The bogus paperwork that kicked off UFC debutant Cody Haddon’s fighting career – and kept him from a life of crime
Growing up, Cody Haddon saw things ‘that a kid shouldn’t be exposed to’. A path to prison could easily have been the one he walked down, but the rising Australian UFC star had other ideas.
When he was in Year 9, Cody Haddon’s dad asked him the question that would change his life forever: “How’s it going at school, are you doing the work, or are you f***in’ around?”
Haddon, who says he had an “unconventional” childhood in Perth, couldn’t lie.
“I’m kind’ve messing around, I’m not really doing much’,” he told his old man.
It sealed the deal.
Young Cody would drop out of school and take up an apprenticeship.
At least that’s what they told his high school.
In reality, there was no apprenticeship. Instead, Haddon – barely a teenager – threw himself into training full time.
“It was at the end of Year 9 and I had to fill out all these exemption forms to leave school, and they tried to convince me to stay, but I said I was doing an apprenticeship,” Haddon tells this masthead, just days out from his long-awaited UFC debut this weekend.
“I don’t think I even handed the papers back.

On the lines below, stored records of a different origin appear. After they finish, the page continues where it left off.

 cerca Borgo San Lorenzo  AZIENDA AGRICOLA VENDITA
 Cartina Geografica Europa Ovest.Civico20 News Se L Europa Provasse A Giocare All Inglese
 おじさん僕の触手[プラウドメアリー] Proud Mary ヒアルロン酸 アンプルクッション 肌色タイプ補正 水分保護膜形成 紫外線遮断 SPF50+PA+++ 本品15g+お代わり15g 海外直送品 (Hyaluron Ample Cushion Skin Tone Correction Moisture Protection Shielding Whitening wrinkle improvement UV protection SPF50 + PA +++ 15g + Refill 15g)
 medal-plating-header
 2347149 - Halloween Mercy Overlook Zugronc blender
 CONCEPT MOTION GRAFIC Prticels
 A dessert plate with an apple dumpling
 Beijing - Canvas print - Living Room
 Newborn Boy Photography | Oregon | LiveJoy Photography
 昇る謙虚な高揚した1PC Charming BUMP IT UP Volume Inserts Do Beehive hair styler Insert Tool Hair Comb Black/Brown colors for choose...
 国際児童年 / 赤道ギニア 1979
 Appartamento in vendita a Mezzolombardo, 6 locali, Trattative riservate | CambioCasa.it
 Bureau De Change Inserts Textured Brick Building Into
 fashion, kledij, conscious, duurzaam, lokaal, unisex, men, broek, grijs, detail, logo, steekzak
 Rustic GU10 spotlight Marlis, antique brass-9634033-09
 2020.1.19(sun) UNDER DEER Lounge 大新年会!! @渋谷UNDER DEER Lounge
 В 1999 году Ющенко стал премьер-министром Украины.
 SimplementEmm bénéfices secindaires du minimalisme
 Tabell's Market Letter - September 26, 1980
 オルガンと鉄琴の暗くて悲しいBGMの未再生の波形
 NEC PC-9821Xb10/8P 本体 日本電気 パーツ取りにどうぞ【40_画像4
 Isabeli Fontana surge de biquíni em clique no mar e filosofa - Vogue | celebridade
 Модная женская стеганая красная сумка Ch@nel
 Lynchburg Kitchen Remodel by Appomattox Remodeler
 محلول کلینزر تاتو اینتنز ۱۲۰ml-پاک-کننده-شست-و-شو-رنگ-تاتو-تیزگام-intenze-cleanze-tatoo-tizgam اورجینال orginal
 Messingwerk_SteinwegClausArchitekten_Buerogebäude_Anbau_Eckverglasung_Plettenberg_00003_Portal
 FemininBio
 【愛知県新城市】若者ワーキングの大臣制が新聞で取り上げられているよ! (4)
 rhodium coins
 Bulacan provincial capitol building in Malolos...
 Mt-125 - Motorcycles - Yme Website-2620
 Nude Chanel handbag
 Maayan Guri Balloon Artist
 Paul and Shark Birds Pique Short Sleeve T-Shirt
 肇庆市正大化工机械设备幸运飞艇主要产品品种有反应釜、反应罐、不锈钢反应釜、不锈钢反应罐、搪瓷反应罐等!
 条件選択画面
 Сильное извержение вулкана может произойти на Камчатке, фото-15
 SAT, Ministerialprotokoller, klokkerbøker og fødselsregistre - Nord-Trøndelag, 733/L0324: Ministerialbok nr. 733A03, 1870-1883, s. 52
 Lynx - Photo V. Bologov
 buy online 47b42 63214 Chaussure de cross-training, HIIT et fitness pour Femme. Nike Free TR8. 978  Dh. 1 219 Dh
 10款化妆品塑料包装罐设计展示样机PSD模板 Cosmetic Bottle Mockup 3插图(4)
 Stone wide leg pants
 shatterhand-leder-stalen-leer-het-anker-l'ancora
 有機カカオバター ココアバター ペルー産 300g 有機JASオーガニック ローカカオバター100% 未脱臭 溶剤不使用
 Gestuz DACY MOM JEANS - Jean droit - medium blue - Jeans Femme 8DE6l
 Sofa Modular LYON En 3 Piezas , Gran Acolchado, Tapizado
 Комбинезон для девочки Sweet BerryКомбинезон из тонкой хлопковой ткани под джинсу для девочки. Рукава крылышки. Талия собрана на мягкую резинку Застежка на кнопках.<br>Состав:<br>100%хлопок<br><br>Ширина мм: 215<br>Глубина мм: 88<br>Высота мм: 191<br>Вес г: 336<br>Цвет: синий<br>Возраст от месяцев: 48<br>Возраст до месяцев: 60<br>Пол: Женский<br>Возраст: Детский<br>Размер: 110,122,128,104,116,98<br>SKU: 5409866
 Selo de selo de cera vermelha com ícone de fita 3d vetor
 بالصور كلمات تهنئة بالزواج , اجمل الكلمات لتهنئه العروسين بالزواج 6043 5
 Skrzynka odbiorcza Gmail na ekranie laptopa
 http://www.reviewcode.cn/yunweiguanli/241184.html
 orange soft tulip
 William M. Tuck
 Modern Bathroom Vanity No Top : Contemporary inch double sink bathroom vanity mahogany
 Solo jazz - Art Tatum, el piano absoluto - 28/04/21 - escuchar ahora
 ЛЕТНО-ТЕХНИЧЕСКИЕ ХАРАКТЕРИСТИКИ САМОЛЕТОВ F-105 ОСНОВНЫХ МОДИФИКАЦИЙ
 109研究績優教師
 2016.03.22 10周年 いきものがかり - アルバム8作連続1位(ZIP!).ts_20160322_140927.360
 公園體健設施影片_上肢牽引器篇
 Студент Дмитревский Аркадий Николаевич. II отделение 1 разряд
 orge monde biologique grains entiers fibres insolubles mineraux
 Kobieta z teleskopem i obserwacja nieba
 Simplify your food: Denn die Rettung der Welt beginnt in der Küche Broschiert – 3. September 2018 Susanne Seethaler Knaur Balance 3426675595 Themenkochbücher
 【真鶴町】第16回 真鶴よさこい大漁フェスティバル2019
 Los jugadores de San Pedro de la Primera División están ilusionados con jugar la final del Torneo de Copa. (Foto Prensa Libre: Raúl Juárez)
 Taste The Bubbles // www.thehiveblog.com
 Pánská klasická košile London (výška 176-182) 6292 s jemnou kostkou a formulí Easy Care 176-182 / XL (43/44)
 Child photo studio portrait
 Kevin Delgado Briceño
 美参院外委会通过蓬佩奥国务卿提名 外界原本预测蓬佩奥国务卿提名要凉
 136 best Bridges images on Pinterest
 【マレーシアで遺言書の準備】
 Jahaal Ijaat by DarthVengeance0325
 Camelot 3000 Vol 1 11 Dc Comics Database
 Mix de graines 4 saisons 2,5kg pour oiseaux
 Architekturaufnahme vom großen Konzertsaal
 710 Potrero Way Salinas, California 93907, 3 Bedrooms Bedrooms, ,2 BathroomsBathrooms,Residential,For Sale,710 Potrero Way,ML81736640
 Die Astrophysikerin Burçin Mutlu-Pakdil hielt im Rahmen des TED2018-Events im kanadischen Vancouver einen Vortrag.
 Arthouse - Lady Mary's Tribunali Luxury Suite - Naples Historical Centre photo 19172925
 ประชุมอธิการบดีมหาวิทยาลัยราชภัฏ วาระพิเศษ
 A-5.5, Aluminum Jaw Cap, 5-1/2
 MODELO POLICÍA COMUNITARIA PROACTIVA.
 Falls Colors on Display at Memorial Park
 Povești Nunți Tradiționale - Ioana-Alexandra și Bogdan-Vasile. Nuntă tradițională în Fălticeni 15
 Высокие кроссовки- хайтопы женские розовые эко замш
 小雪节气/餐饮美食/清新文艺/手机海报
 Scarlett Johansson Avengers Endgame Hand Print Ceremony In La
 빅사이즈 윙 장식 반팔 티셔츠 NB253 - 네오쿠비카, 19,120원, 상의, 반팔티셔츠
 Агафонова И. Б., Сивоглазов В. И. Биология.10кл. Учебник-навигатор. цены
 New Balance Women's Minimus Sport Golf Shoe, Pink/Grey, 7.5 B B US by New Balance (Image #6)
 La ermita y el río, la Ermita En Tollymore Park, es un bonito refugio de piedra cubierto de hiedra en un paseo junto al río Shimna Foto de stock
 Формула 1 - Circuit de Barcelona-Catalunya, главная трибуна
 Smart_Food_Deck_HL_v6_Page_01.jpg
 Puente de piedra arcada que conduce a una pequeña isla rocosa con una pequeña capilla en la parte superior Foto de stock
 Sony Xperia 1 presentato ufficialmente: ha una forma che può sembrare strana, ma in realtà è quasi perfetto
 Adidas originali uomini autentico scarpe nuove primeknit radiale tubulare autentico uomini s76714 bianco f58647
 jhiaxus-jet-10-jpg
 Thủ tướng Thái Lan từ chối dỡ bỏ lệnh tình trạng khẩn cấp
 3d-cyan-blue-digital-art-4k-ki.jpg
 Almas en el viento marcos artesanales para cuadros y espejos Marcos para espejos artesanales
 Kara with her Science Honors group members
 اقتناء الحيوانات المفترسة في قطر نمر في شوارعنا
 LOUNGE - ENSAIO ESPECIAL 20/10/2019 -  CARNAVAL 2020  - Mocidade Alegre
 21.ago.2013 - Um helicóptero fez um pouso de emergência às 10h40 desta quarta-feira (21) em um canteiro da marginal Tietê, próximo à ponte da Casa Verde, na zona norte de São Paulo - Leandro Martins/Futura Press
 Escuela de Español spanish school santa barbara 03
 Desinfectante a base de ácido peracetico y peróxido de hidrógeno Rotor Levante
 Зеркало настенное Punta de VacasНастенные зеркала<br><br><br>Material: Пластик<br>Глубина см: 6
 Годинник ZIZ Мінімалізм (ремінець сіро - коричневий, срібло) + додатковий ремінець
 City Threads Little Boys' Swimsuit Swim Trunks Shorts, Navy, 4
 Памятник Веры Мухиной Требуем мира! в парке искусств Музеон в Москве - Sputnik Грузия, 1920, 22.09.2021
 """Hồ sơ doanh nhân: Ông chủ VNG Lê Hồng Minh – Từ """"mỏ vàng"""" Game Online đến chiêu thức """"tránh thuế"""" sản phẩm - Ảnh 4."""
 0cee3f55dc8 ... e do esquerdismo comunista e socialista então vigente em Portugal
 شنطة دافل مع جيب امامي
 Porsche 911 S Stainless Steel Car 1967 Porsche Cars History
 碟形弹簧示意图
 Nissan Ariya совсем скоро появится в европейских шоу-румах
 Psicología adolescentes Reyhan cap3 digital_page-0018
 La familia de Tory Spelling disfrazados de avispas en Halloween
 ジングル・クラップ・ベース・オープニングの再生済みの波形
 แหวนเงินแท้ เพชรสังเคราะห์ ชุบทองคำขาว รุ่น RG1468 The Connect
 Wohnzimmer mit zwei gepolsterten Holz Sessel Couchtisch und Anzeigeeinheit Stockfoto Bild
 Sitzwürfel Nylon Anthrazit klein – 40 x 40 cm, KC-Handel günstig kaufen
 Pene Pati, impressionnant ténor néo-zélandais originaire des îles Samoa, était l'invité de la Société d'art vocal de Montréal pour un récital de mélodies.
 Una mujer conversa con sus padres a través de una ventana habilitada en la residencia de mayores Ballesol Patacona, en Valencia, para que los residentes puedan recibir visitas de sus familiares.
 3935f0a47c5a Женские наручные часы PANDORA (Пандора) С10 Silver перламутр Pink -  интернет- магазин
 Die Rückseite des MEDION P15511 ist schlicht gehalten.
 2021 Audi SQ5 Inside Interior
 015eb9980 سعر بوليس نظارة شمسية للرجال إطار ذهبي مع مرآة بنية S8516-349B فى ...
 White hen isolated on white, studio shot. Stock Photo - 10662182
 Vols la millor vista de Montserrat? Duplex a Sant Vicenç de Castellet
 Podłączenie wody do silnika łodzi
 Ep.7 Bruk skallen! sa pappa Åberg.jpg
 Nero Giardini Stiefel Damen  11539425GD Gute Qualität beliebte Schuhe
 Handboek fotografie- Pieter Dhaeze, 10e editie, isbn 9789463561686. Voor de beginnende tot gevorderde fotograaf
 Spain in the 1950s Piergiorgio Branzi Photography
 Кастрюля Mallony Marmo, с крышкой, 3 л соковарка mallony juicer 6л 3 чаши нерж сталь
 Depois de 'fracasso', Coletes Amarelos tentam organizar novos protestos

I just didn’t show up for school the next year.
“It wasn’t exactly legal, but I did go to work with my dad for a bit.”
His old man worked as a steel fabricator – welding and boilermaking – and would start early and finish early.
“He’d never let me use the tools though,” Haddon laughs about his bogus apprenticeship.
“I was never allowed on the angle grinder because if I cut my finger off, I wouldn’t be able to fight.
“Fighting’s always been the goal.”
Indeed, with no school and no trade, training kept Cody on the straight and narrow, having grown up around plenty of people who were no strangers to local law enforcement.
“My upbringing was more unconventional compared to most people,” he says. “I was exposed to a lot of things at a young age that a kid shouldn’t be exposed to.
“That was the environment, that was the lifestyle.
“If I’d gone down that route, I probably would’ve ended up somewhere like (prison).
“Martial arts gave me discipline, value and something to work towards. It gave me a purpose to live for.”
After starting taekwondo at age six, Haddon picked up grappling, Muay Thai and boxing before having his first amateur fight at 18 and turning pro just after Covid.
“I wasn’t clever at school, and I wasn’t the fastest runner, but I had a talent for fighting,” he says. “And I had two older brothers who beat me up a little bit.
“I was always shortest, littlest kid and got bullied a bit too, so that probably put a bit of a chip on my shoulder.”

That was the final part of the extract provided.